When leveraging analytics technology in managed review, the power of defensible, highly prioritized reviews can be adapted to the needs of each case. Download this on-demand webinar to learn how reduce your review costs →
Using machine learning, organizations can help knowledge workers quickly and efficiently find the information they need. Organizations can use machine learning to manage unused operational data (dark data) and redundant, outdated, or trivial data (ROT) to help reduce the amount of information knowledge workers have to sift through. Machine learning can help improve the search and discovery of information by enabling multi-concept search that produces contextually relevant results. Organizations can also use machine learning to automate information gathering tasks such as taxonomy building, ontology building, tagging, and document classification freeing up time for knowledge workers to focus on core tasks.
Machine Learning Can Help Reduce Dark Data and ROT
Organizations are not only grappling with the speed in which unstructured data is now generated, but also the rapidly growing amount of dark data and ROT. According to the March 2016 Veritas Technologies Global Databerg report, approximately 85% of stored data is either dark data or ROT leaving only 15% of stored data to be classified by IT leaders as business critical information. The report also states that if dark data and ROT are not dealt with, by the year 2020, it will unnecessarily cost organizations worldwide a cumulative $3.3 trillion to manage.
When it comes to enterprise information ROT, sheer duplication is one of the biggest problems. In searching masses of information, knowledge workers often retrieve the same or similar information again and again. While exact duplicates can be easily detected by hash codes, machine learning methods go beyond that to bring together and prioritize versions, near-duplicates, and conceptually related material. Machine learning applied to search can also shed light on dark data, by expanding user searches with conceptually related material, and linking actively used documents with related material that has been gathered, but not yet been exploited.
“Brainspace’s core technologies in conceptual search, unsupervised learning, and natural language processing allow cutting through masses of unstructured data to find its core value,” says information retrieval pioneer Dave Lewis, who recently joined Brainspace as Chief Data Scientist. “The combination of these technologies with powerful visualizations means that no upfront cleanup, indexing, or coding is necessary before enterprise data can be analyzed and unsuspected connections uncovered.”
Machine Learning Allows Information Gathering Tasks to be Automated
Organizations that have yet to leverage machine learning often have teams of knowledge workers spending much of their time performing information gathering tasks such as taxonomy building, ontology building, tagging, and document classification. Many of these organizations are finding that the amount unstructured data generated from within the business is growing at a rate that is simply too much for knowledge workers to manually tag, classify, and maintain.
Machine learning allows information gathering tasks to be automated so that knowledge workers can focus on core tasks. Machine learning is also capable of performing these tasks at very high rates of speed, far beyond human capabilities.

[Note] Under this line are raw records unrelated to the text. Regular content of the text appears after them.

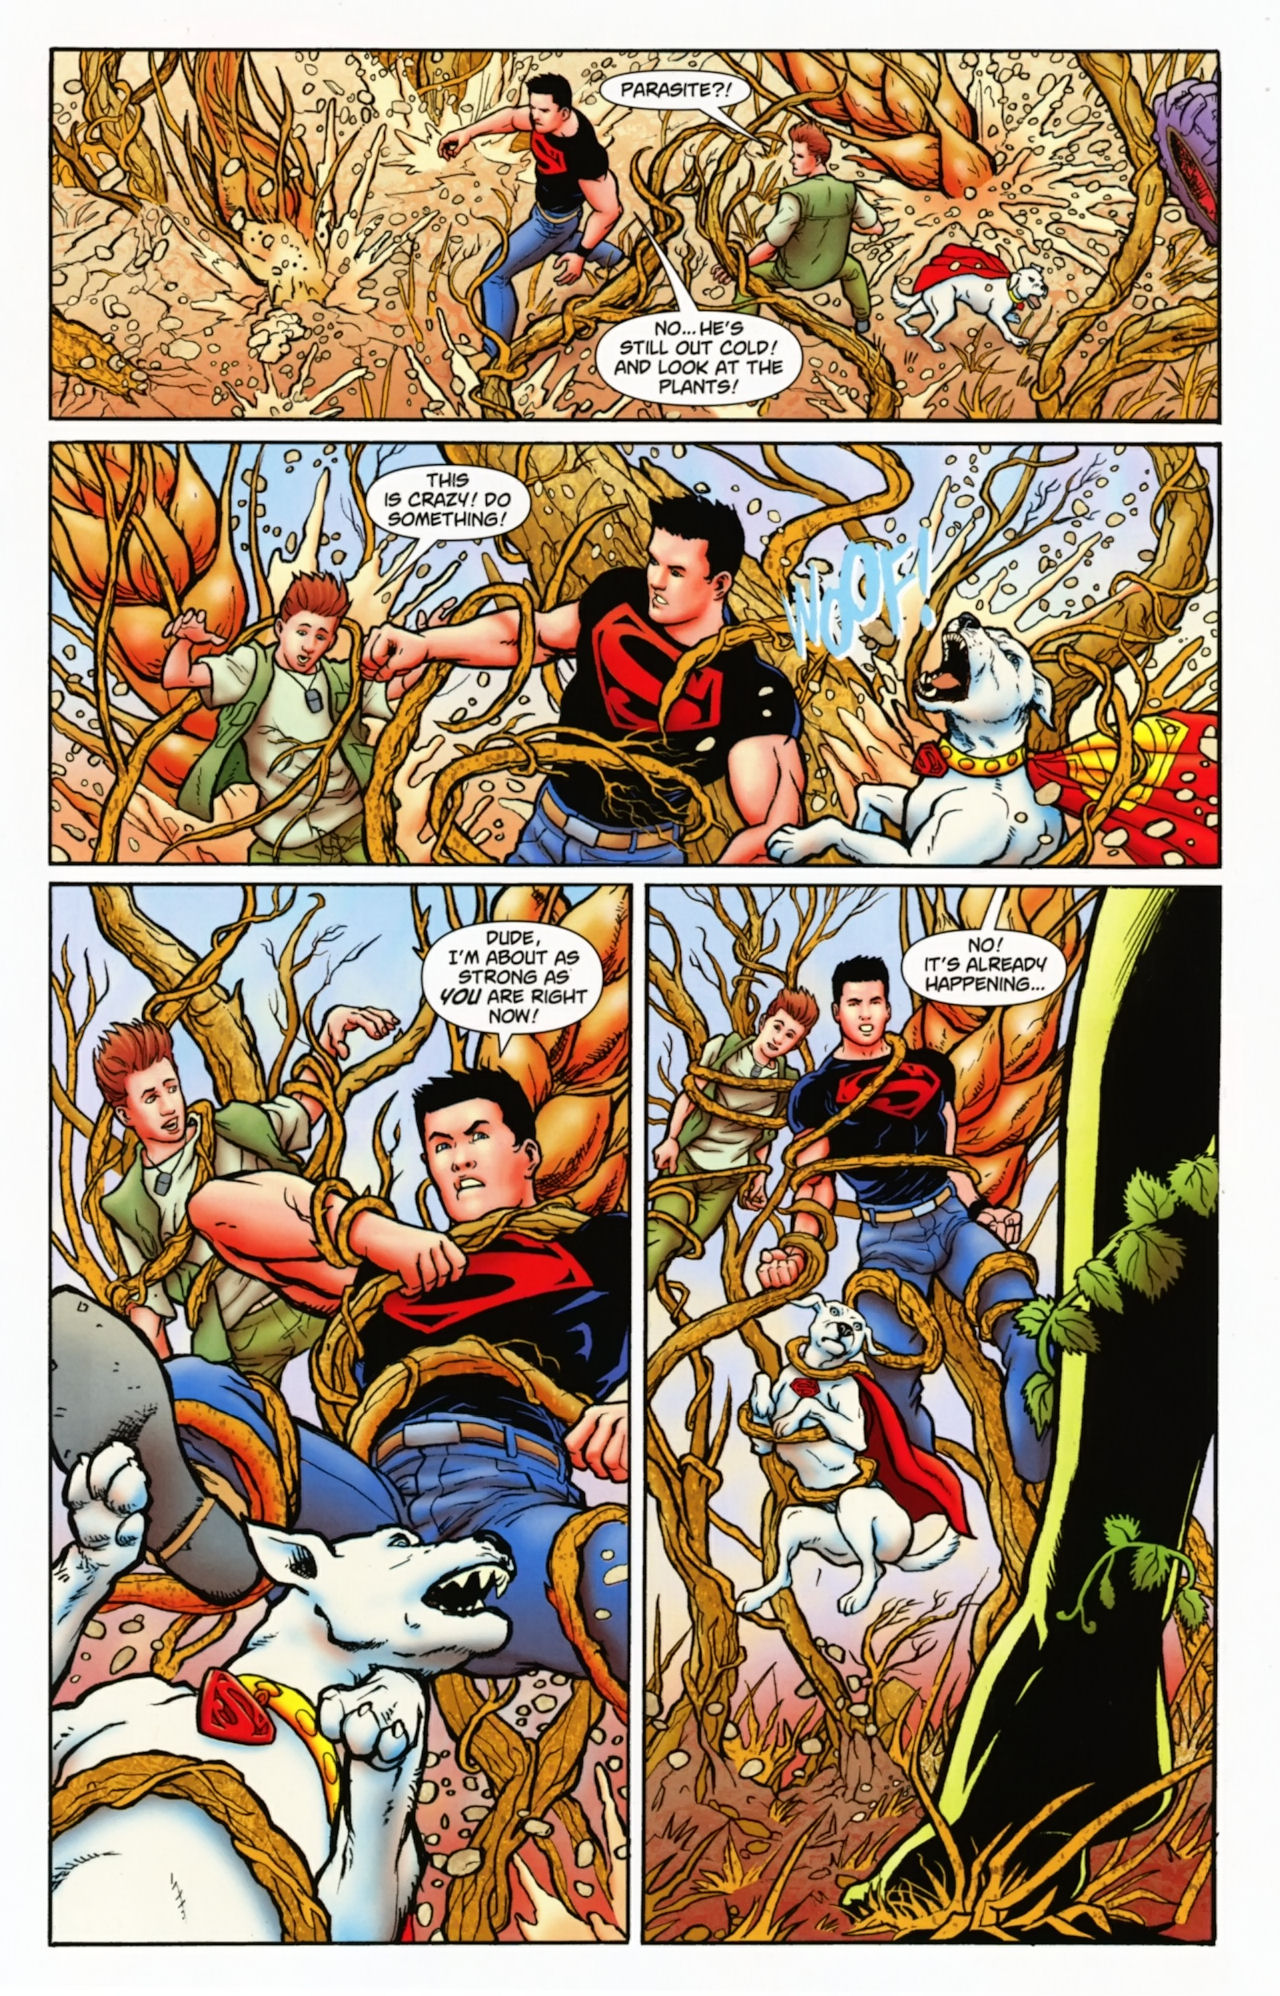 WTF DC Superboy WTF DC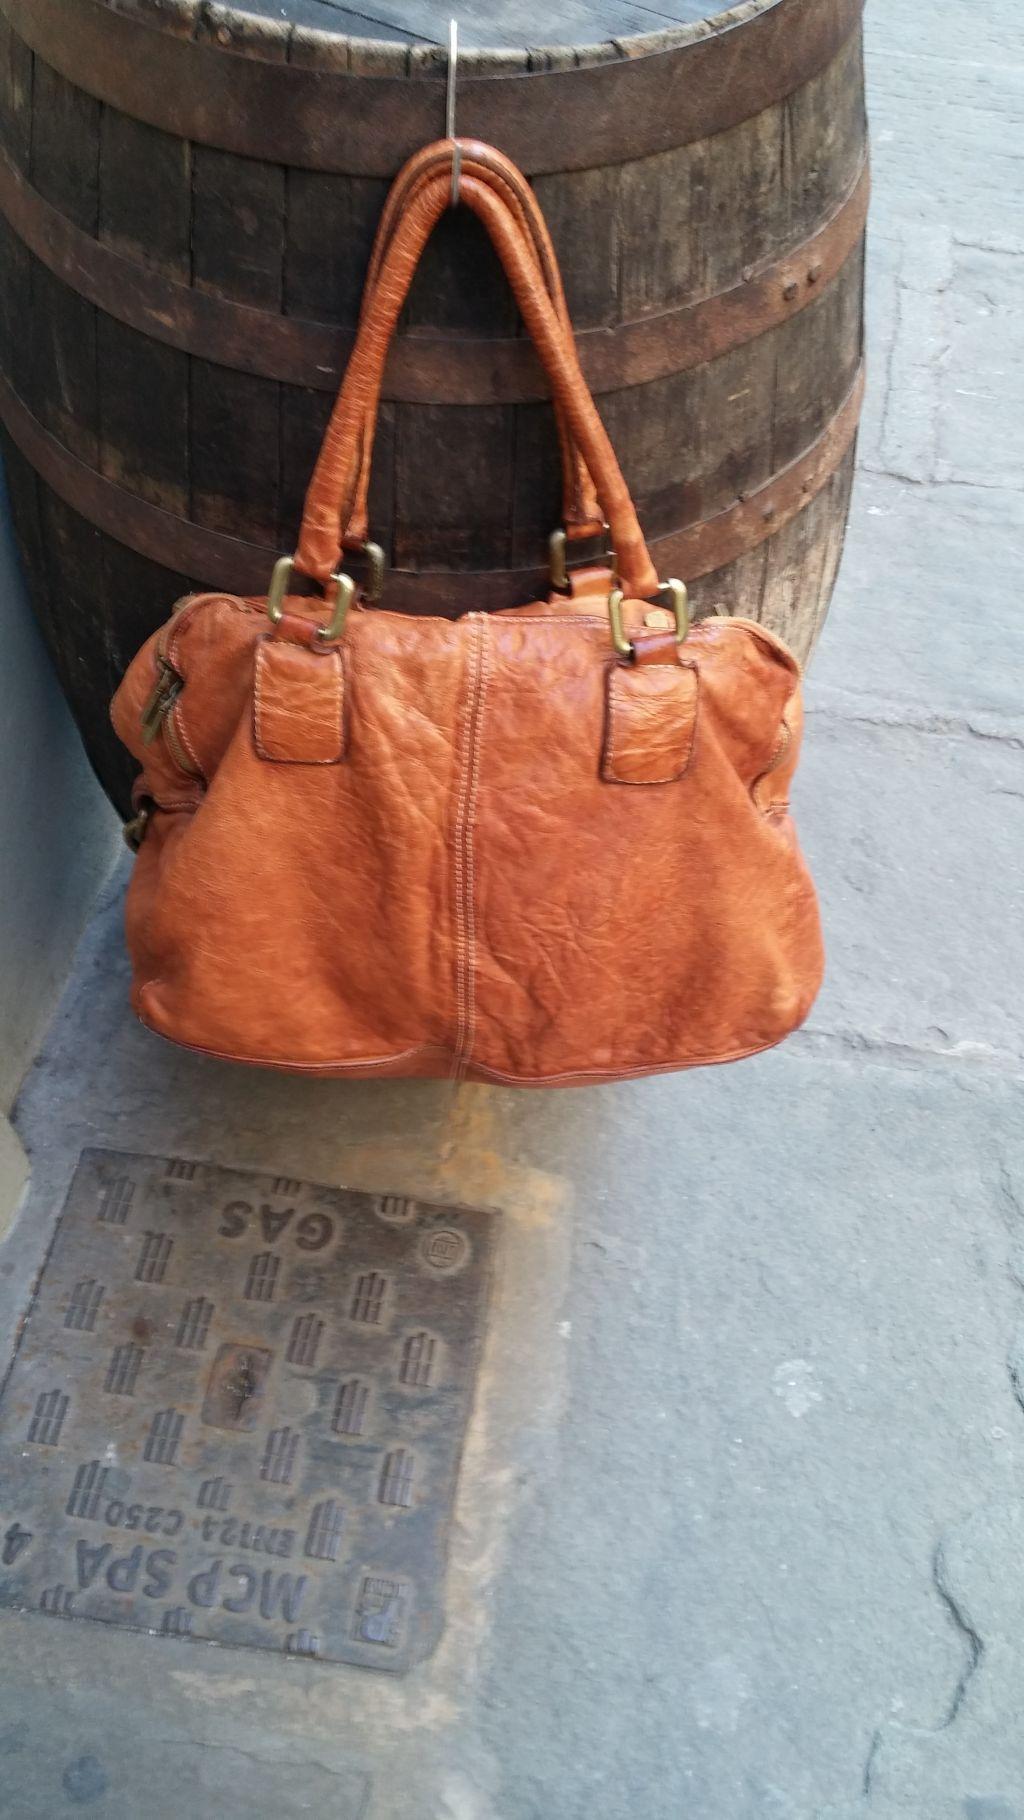 a929663eee95e FL2025 BORSA A SPALLA TRE ZIP - Florence Leather House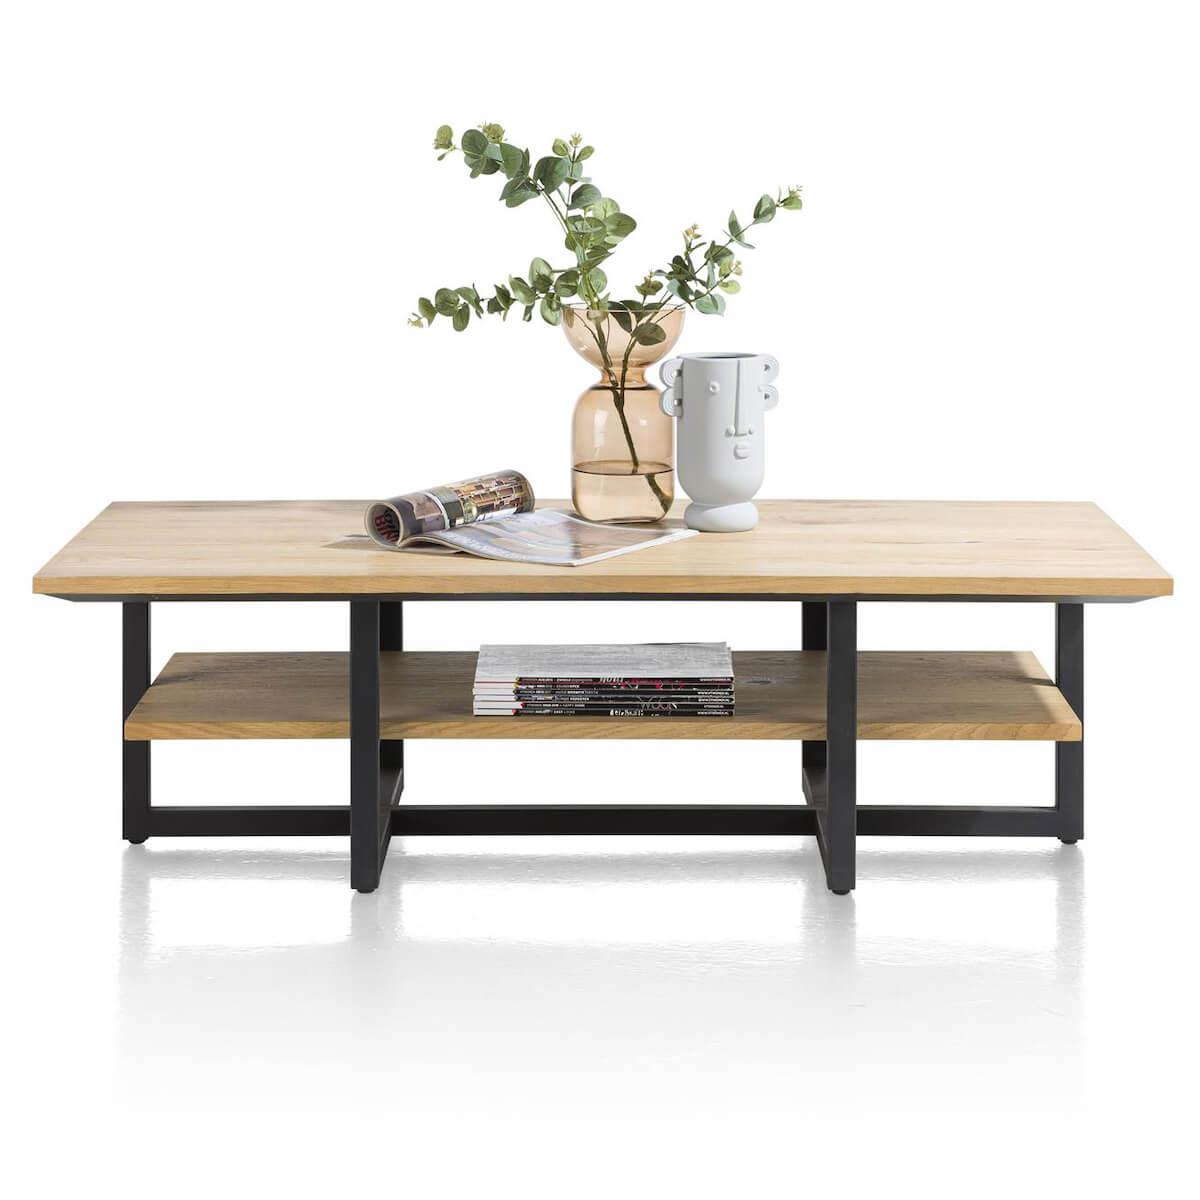 Table basse 60x120cm BELO Xooon

It should be noted that a machine learning platform with strong document classification capabilities can actually reduce the need for traditional taxonomies/ontologies altogether.
Machine Learning Can Help Improve Search and Discovery of Information
Every second massive streams of unstructured data are generated from emails, social media sites, smartphones, sensors, wearable electronics, and many other data sources. The magnitude, variety, and velocity of unstructured data is staggering; for knowledge workers (and anyone looking for specific information), trying to find the information they need is like looking for a needle in an infinite number of haystacks.
Search engine companies like Google and Microsoft Bing are using machine learning and artificial intelligence to help millions upon millions of people search the web to find information about pretty much everything. According to the Internet Live Stats website, there are 55,218 Google searches every second at the time of this writing.
Knowledge workers need to find and use information from multiple sources
While Google and Microsoft Bing are using machine learning and artificial intelligence to improve the search and discovery of information on the web, knowledge workers often need to search for information that can only be found within organizations. Knowledge workers are often looking for information that may be found within document management systems, intranets, extranets, email archives, and portals. In order to successfully do their jobs, knowledge workers must quickly find and use information from many different sources including the web.
Many organizations have neither an effective data management system in place, nor do they provide effective search tools for knowledge workers. Organizations need to ensure that knowledge workers can quickly and effectively search for and find relevant information regardless of whether they’re looking for that information from sources within the enterprise or the web.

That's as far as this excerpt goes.